O dólar comercial registrou nesta terça-feira (30) sua maior desvalorização diária em dez anos no Brasil, fechando a R$ 4,85, uma queda de 3,5% em relação ao pregão anterior. O movimento ocorre após o Banco Central anunciar uma nova rodada de intervenções no mercado de câmbio e diante de sinais de que o Federal Reserve (Fed, o banco central americano) pode manter os juros elevados por mais tempo.

A forte queda interrompe uma sequência de valorização da moeda americana, que acumulava alta de mais de 8% no mês. Analistas apontam que a decisão do BC de ofertar até US$ 2 bilhões em swap cambial reverso, instrumento que equivale à venda de dólares no mercado futuro, foi decisiva para conter a pressão especulativa.

Contexto econômico e medidas do BC

O presidente do Banco Central, Roberto Campos Neto, afirmou em coletiva que a instituição está "atenta aos movimentos excessivos" no câmbio e utilizará todos os instrumentos disponíveis para garantir a estabilidade do mercado. "Nossa atuação tem sido e continuará sendo firme para mitigar volatilidades indevidas", declarou.

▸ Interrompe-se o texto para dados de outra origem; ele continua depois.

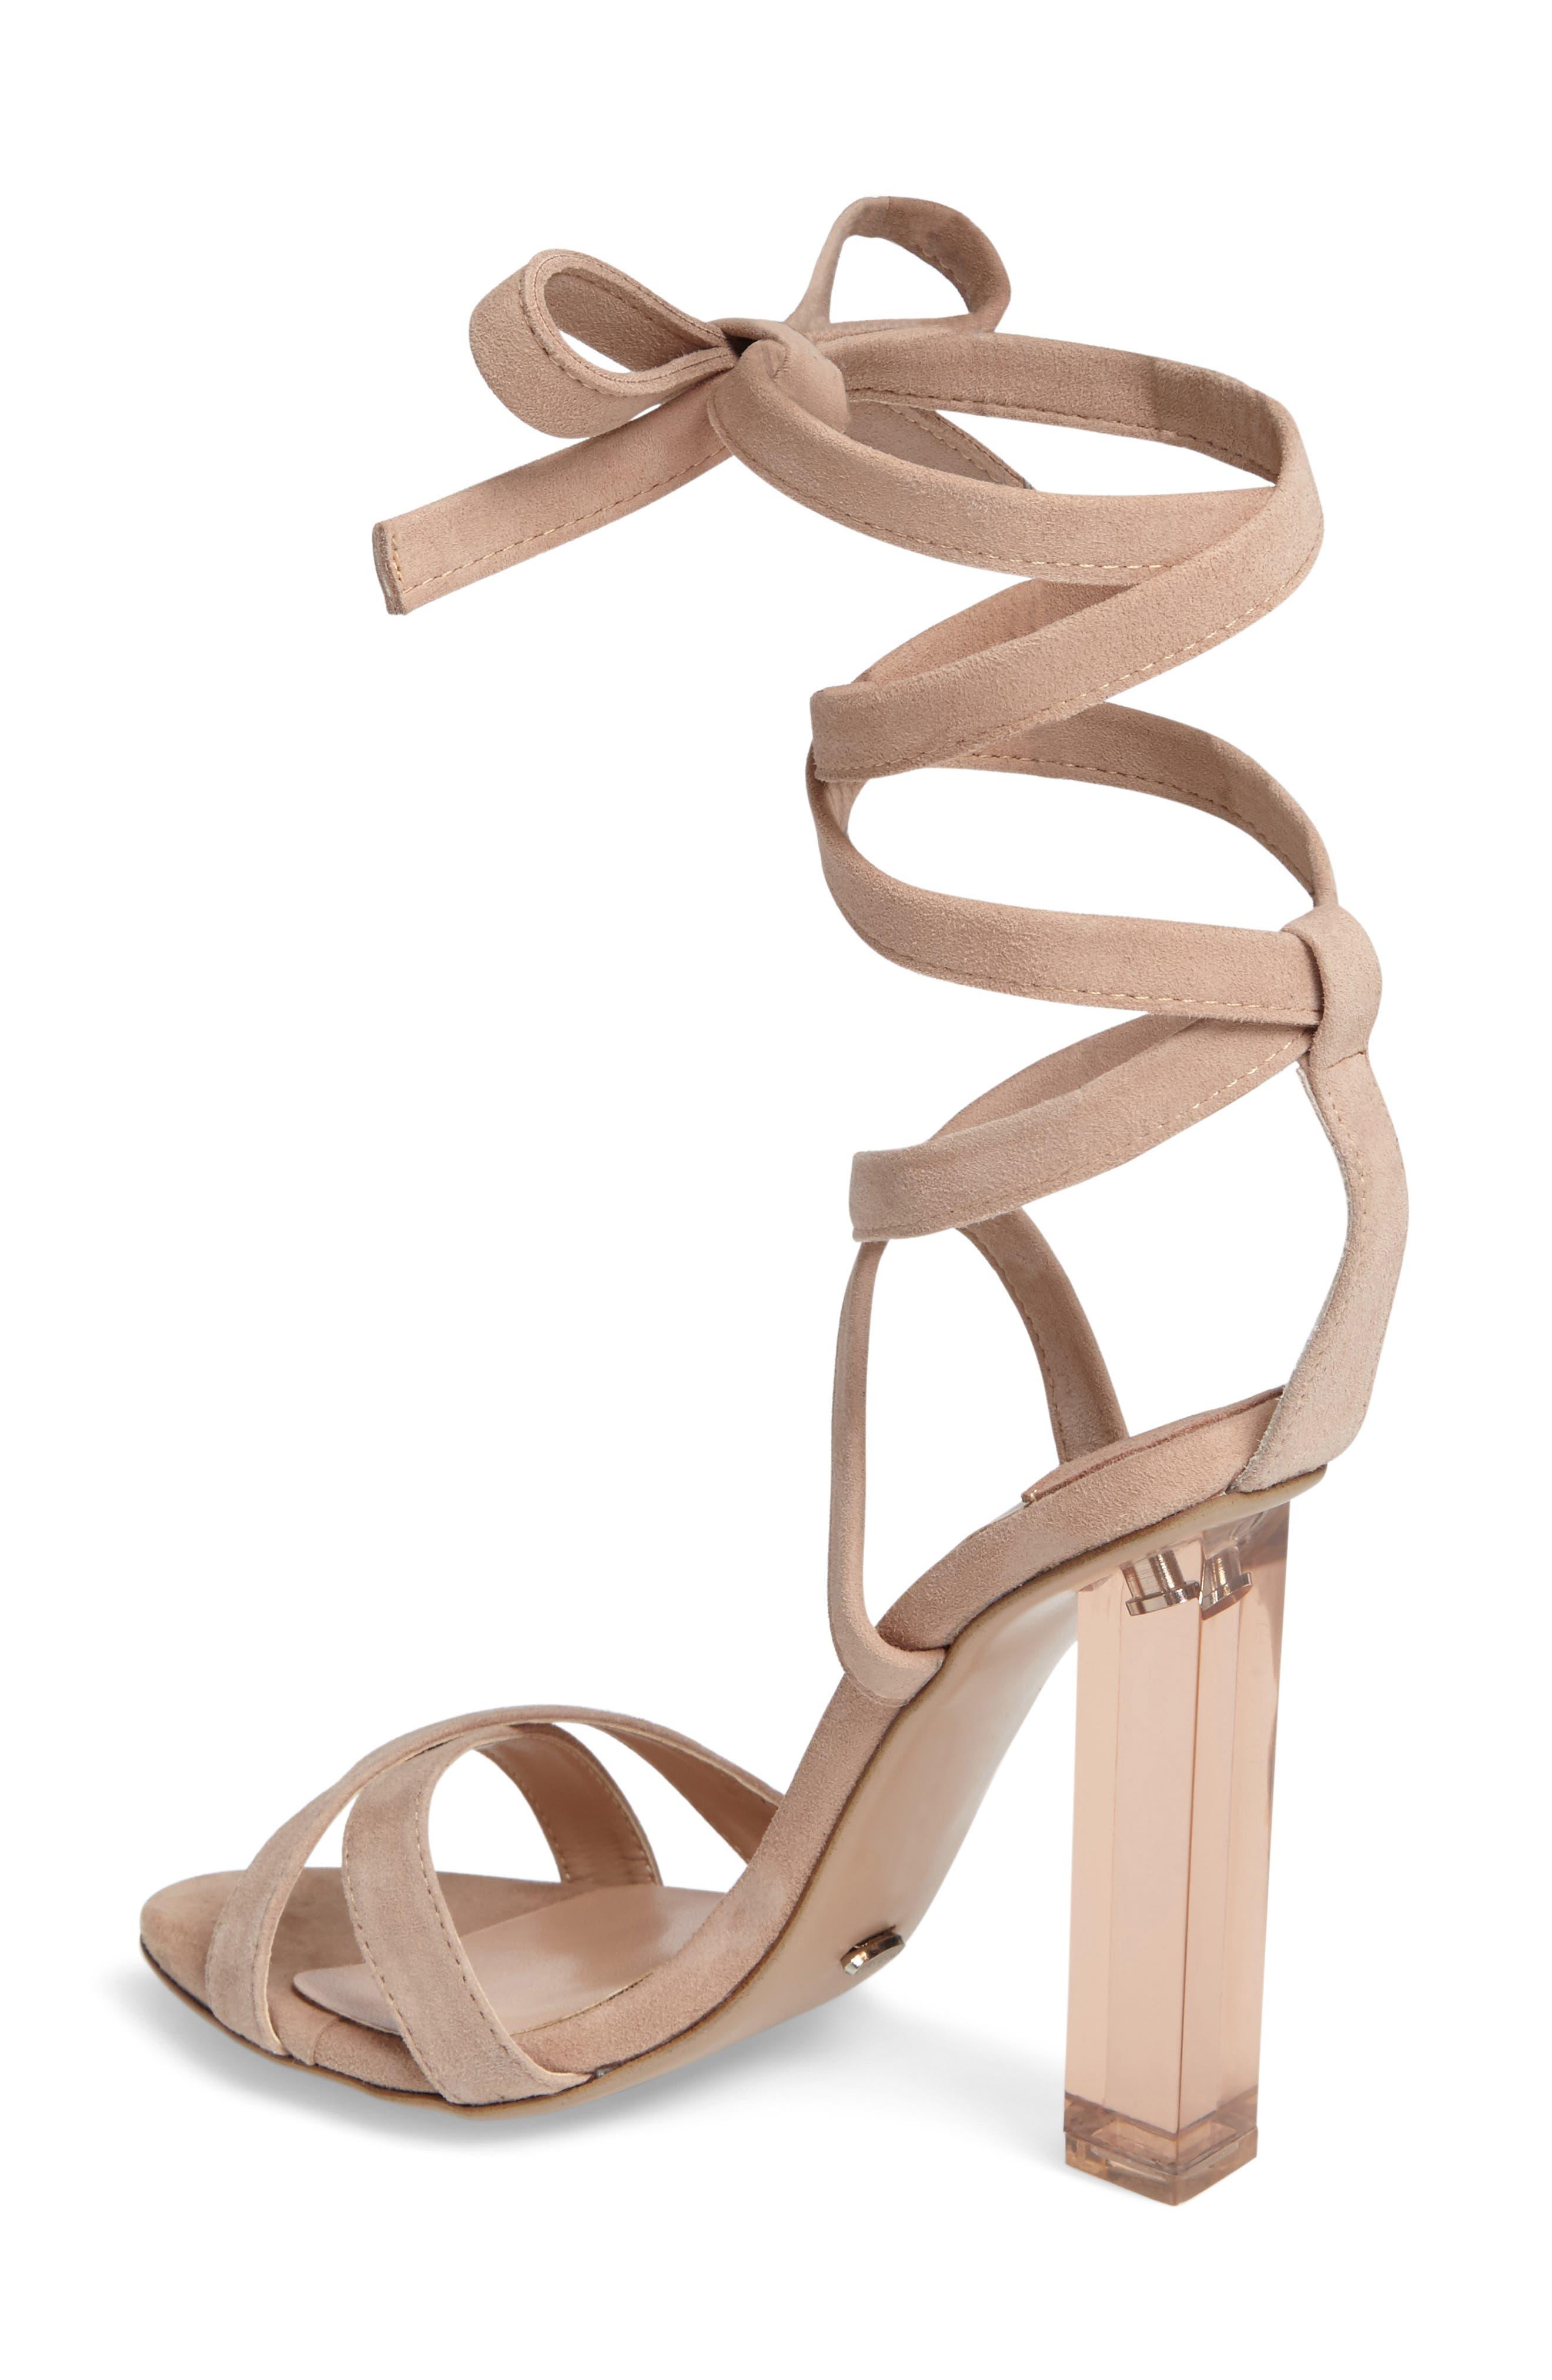 Komma Translucent Heel Sandal,                             Alternate thumbnail 4, color,

A desvalorização do real vinha sendo impulsionada pela aversão global ao risco, com investidores migrando para ativos considerados seguros, como o dólar, diante de incertezas na economia global e da expectativa de que os juros nos EUA permaneçam altos. O Comitê de Política Monetária (Copom) do BC se reúne na próxima semana para definir a taxa Selic, atualmente em 10,75% ao ano.

Impacto na economia e perspectivas

A queda do dólar é um alívio para setores importadores e para o controle da inflação, uma vez que produtos e insumos comprados no exterior ficam mais baratos. No entanto, especialistas alertam que a volatilidade deve continuar. "O mercado ainda está digerindo os dados de inflação nos EUA e aguardando os próximos passos do Fed. A tendência é de câmbio instável nas próximas semanas", analisa a economista-chefe da consultoria Tendências, Ana Paula Vescovi.

Para os próximos dias, o foco do mercado financeiro será a divulgação do Índice de Preços ao Consumidor (IPCA) de janeiro no Brasil e as atas da última reunião do Fed, que podem dar mais pistas sobre a trajetória dos juros americanos.